Dr. Kereteletswe was also asked in cross-examination why he sent the December 10th letter from his private email address, rather than his government email account. He accepted that it is not common practice to use private email accounts for official business but stated that there are instances during which the government experiences system shutdowns, necessitating the use of private accounts. He could not say whether this is what happened in this instance.
In my view, nothing turns on the fact that Dr. Kereteletswe used a private account to send the December 10th letter to Mr. Arapakota.
The content of the December 10th letter supports a conclusion that it did nothing more than confirm the GOB’s intention to engage Imex for the Botswana Project, a fact that had already been disclosed publicly in the GOB’s announcement in the Gazette indicating that Imex had been approved as the sole source bid through the “direct appointment” procedure. The letter reads as follows:
To whom it may concern:
You may be aware that Government of Botswana (GoB) has terminated its agreement with Public Sector Transformation Group (PSTG) to (sic) e-Government services.

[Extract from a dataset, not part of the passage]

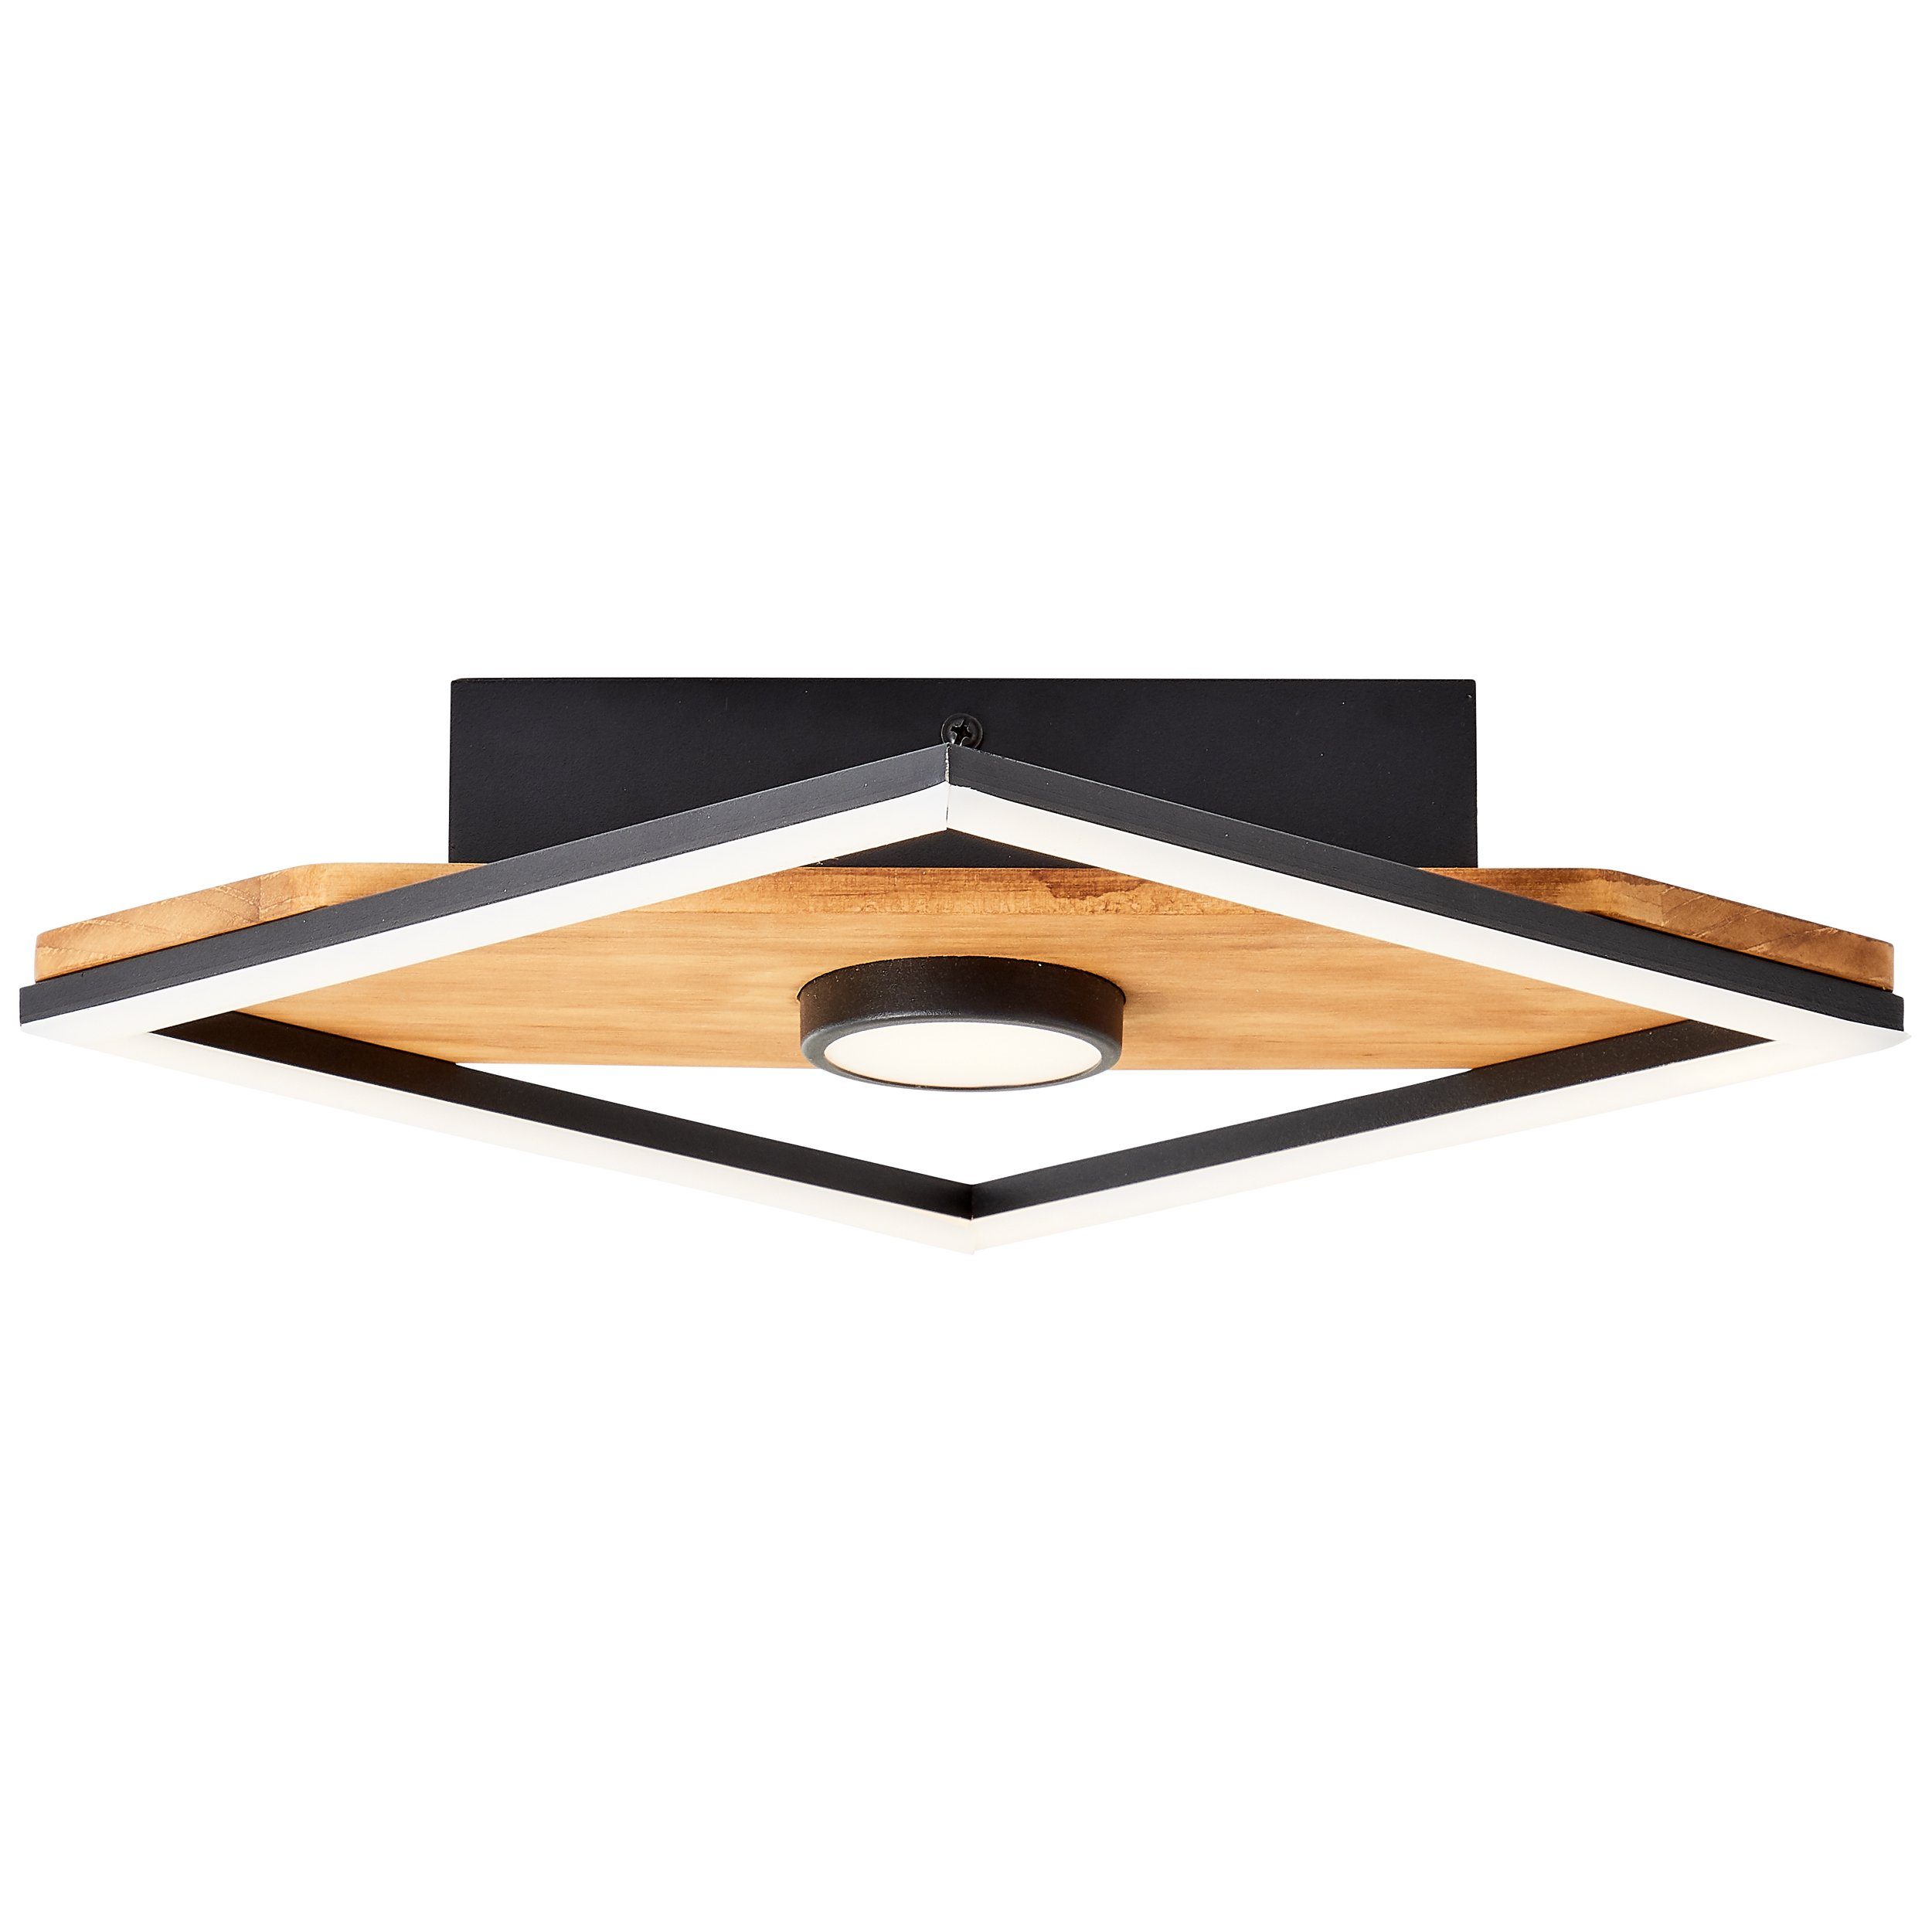 Brilliant Deckenleuchte Woodbridge, Woodbridge LED Deckenleuchte 25x25cm holz/schwarz, Holz/Metall/Kunstst | Deckenlampen

The GoB wishes to engage Imex Systems for a period of 3 years to implement various e-services on iGov technology platform, subject to executing a mutually acceptable agreement.
The procurement process is at an advanced stage, hoping to have Imex Systems onsite by February, 2016.
Thank you.
Yours faithfully,
Dr. Ompony C. Kereteletswe
Coordinator: e-Government
It is unclear why Dr. Kereteletswe signed the letter, since he was no longer the manager for the Botswana Project. However, no evidence was elicited on this point either in examination-in-chief or in cross-examination. In addition, Dr. Kereteletswe testified that although he was no longer manager of the Botswana Project when his position within the government changed, he continued to have a role as a coordinator and therefore remained connected to the project.
The Crown suggests that it would be illogical for Mr. Arapakota to have provided the benefit of the US Trip if it was not in consideration for something Dr. Kereteletswe had done for him. However, it is also implausible that Mr. Arapakota would have provided the benefit to Dr. Kereteletswe for a standard form letter which did nothing more than confirm the substance of what was printed in the government’s public Gazette.
Finally, I consider the evidence of Mr. Arapakota and Dr. Kereteletswe about why the US Trip was arranged in the manner it was. The Crown argues that the evidence of Mr. Arapakota and Dr. Kereteletswe on this point is not credible and should be rejected.
I have some reservations about Dr. Kereteletswe’s evidence that his lack of a personal credit card posed such an impediment to planning his trip to the US that he needed Mr. Arapakota to make the reservations and pay for the flights, hotels, and insurance upfront. This was not the first time Dr. Kereteletswe travelled with his family (although there is no evidence that he travelled with his family to the US prior to this occasion). Presumably, he figured out how to make his own reservations and pay for flights and hotels without the assistance of someone else making the arrangements and paying upfront.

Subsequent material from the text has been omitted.